→ **YOUR ASSIGNMENT**:
Once you find the line with "1080x1920 Sky Green" in the entries below, return exactly every line from it through the line with "Henschbachtaler".

Records drawn from a dataset
########

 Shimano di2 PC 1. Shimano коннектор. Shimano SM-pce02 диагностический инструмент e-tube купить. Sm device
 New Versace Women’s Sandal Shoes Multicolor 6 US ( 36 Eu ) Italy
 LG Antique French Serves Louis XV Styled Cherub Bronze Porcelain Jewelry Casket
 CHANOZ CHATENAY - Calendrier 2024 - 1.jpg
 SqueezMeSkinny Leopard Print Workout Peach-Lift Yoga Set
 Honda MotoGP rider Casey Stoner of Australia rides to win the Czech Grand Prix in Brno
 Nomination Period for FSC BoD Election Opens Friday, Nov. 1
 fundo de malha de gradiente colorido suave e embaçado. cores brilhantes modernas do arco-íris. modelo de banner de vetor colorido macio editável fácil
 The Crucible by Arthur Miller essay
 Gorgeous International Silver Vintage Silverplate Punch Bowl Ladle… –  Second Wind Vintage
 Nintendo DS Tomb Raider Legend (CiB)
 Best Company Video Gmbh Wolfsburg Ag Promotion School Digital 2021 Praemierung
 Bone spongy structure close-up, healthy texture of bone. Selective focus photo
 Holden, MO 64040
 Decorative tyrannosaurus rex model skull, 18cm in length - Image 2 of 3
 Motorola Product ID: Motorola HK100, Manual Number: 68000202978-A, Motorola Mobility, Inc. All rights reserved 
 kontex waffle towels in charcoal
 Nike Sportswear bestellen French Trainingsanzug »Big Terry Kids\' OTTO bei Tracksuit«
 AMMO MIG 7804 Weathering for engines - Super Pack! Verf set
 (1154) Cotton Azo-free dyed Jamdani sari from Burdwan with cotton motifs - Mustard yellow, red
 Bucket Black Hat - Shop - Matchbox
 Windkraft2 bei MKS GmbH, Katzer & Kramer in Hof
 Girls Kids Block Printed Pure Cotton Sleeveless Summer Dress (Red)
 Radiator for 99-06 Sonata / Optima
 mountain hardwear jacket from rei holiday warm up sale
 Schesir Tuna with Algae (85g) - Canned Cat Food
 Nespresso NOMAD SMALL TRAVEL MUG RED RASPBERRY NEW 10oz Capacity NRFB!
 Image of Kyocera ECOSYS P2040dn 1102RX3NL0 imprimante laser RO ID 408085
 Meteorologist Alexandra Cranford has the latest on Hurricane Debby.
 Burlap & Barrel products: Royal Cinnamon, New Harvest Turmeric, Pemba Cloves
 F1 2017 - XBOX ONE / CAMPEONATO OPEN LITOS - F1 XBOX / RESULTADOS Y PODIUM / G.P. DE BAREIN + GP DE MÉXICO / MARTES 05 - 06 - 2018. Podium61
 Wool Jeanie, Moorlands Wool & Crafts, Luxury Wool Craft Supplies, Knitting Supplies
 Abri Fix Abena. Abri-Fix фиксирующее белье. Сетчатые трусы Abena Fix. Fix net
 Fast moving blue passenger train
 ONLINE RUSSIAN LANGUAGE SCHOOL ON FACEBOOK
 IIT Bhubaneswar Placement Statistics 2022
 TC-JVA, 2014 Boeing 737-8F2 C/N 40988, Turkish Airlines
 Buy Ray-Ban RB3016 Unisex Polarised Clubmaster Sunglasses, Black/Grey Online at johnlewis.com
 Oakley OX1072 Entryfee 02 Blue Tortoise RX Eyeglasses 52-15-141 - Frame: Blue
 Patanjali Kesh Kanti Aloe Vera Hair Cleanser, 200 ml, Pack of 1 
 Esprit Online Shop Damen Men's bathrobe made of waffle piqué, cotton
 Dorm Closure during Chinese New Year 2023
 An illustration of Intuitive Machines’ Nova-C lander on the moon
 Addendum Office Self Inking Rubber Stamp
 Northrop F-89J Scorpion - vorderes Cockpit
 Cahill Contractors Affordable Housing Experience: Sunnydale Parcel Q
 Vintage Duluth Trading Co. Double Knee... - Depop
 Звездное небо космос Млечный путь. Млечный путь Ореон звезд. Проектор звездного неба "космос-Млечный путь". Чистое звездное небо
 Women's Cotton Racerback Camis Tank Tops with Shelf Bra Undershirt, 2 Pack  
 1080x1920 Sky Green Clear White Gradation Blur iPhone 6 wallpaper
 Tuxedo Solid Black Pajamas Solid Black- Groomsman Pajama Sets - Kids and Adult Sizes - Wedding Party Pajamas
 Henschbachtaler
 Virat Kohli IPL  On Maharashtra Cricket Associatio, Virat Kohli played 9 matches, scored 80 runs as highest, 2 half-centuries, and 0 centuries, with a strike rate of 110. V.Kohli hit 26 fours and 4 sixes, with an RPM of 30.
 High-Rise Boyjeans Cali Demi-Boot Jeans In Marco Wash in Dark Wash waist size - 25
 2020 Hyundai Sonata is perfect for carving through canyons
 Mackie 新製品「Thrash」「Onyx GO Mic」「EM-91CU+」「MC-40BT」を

########

→ **EXERCISE ANSWER**:
 1080x1920 Sky Green Clear White Gradation Blur iPhone 6 wallpaper
 Tuxedo Solid Black Pajamas Solid Black- Groomsman Pajama Sets - Kids and Adult Sizes - Wedding Party Pajamas
 Henschbachtaler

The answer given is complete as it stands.